筋肉名 | 位置 | 主な働き | イメージしやすい動作 |
---|---|---|---|
上腕二頭筋 | 力こぶができる前側の筋肉 | 肘を曲げる、手首を内側にひねる | 物を持ち上げる、引く |
上腕三頭筋 | 二の腕にあたる後ろ側の筋肉 | 肘を伸ばす、腕を前・上に押し出す動作 | 腕立て伏せの押す動き、手を突き出す |
上腕二頭筋は「短頭」と「長頭」の2つのパートに分かれており、それぞれ動きや鍛え方に特徴があります。
短頭
短頭は、肘を曲げる動作や、手首を内側にひねる動き(回内)に関与します。買い物袋や重い荷物を手に持つときなど、日常生活でも自然と使われる筋肉です。

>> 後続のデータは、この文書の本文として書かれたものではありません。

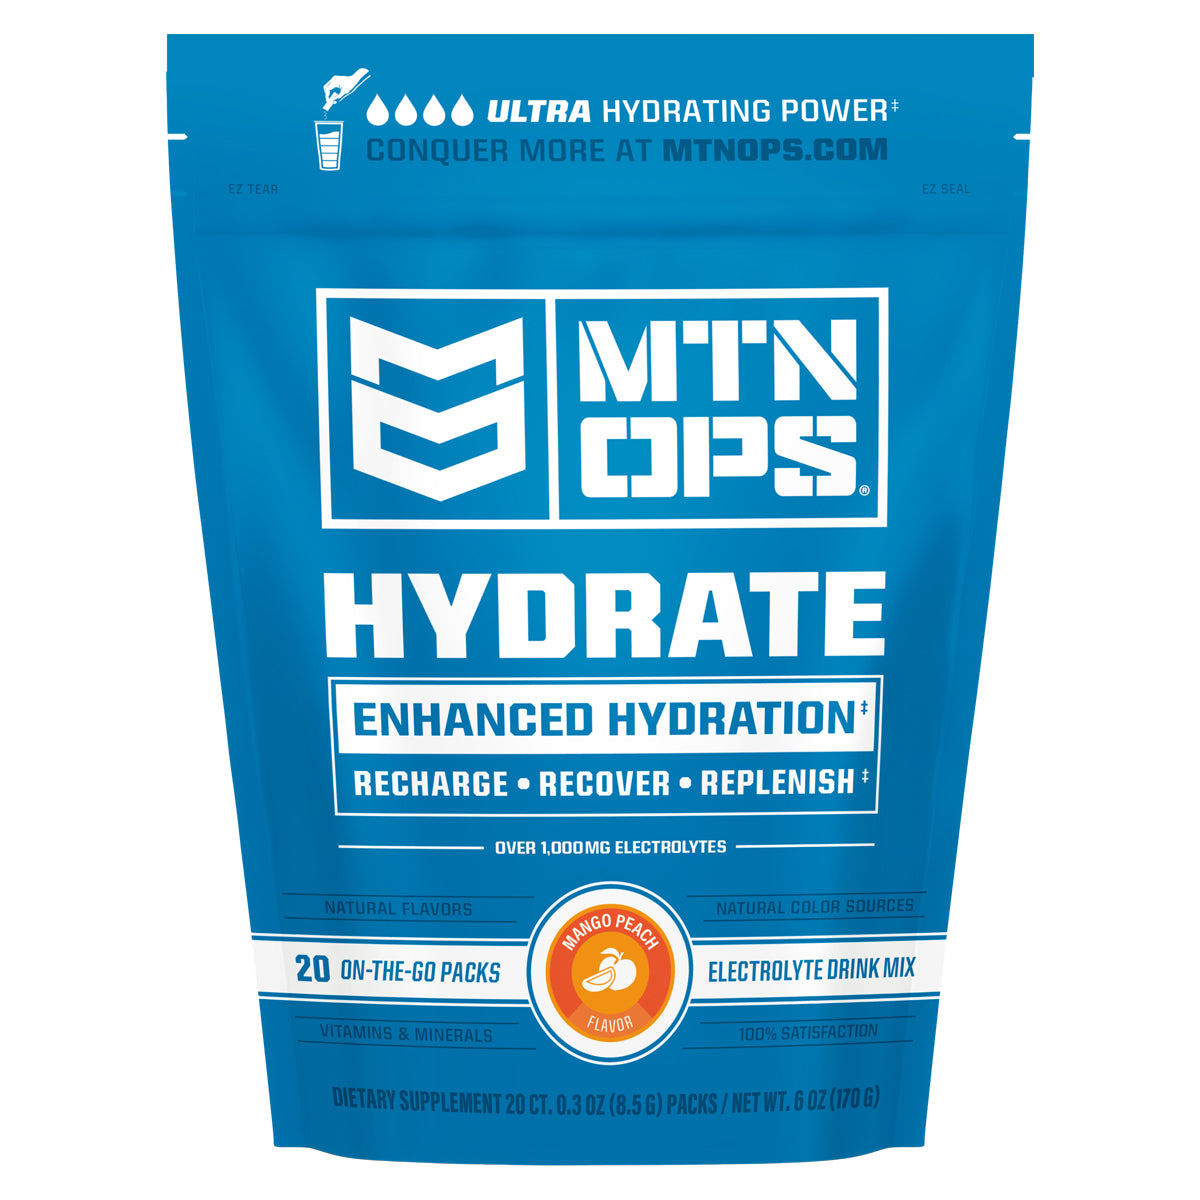 Recharge with the power of hydration

短頭を効率良く鍛えたい場合は、インクラインダンベルカールなど、腕を前に出した姿勢で行うトレーニングが効果的です。
長頭
長頭は、肩甲骨の外側から肘に向かって伸びている筋肉で、肘を曲げる動作に加えて、腕を後方に引いたり内側に回したりする動作に関与します。上腕二頭筋の中でも、より外側に位置し、力こぶの高さや立体感に大きく影響します。

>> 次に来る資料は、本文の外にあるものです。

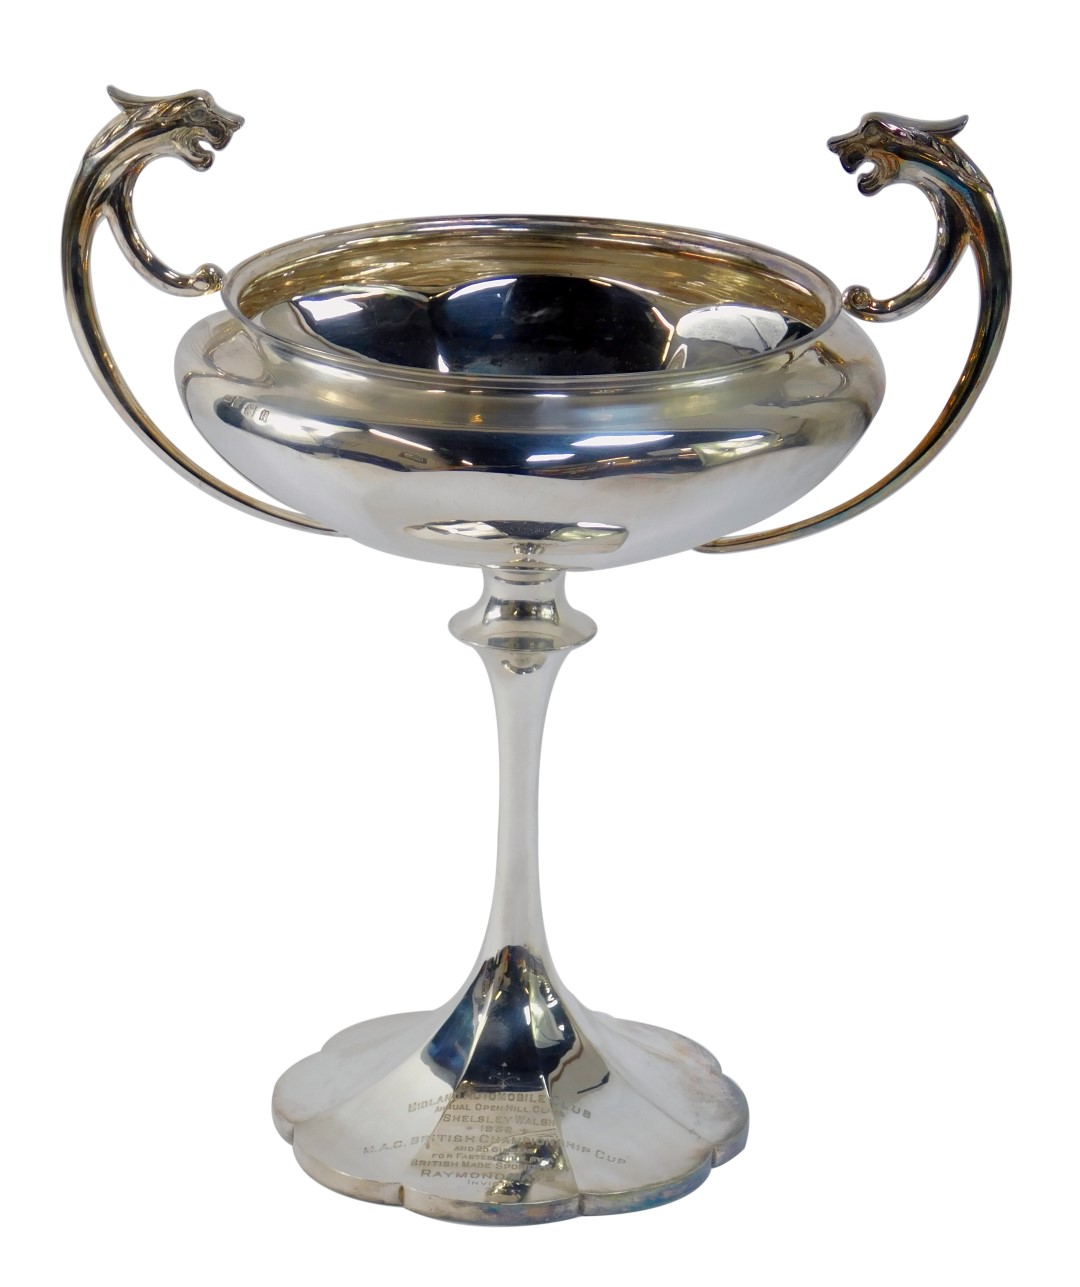 Motor Racing Interest. A George V silver two handled trophy awarded to Raymond Mays, the circular bo

この長頭を鍛えるには、ハンマーカールのようにダンベルを縦に握って行う種目が適しています。腕全体の厚みを出したい場合は、長頭のトレーニングも取り入れましょう。
【道具なし】上腕二頭筋を鍛える自重トレーニング

ダンベルなどの器具がなくても、上腕二頭筋は自重トレーニングで鍛えられます。体重を負荷として使うため、運動初心者でも始めやすく、自宅でも気軽に取り組めるのが魅力です。
ここでは、特別な道具を使わずに実践できるおすすめの自重トレーニングを3つ紹介します。
【最強】斜め懸垂
斜め懸垂は、仰向けの状態で行う懸垂のバリエーションです。足を床につけたまま行えるため、通常の懸垂より負荷が軽く、初心者でも取り組みやすいのが特徴です。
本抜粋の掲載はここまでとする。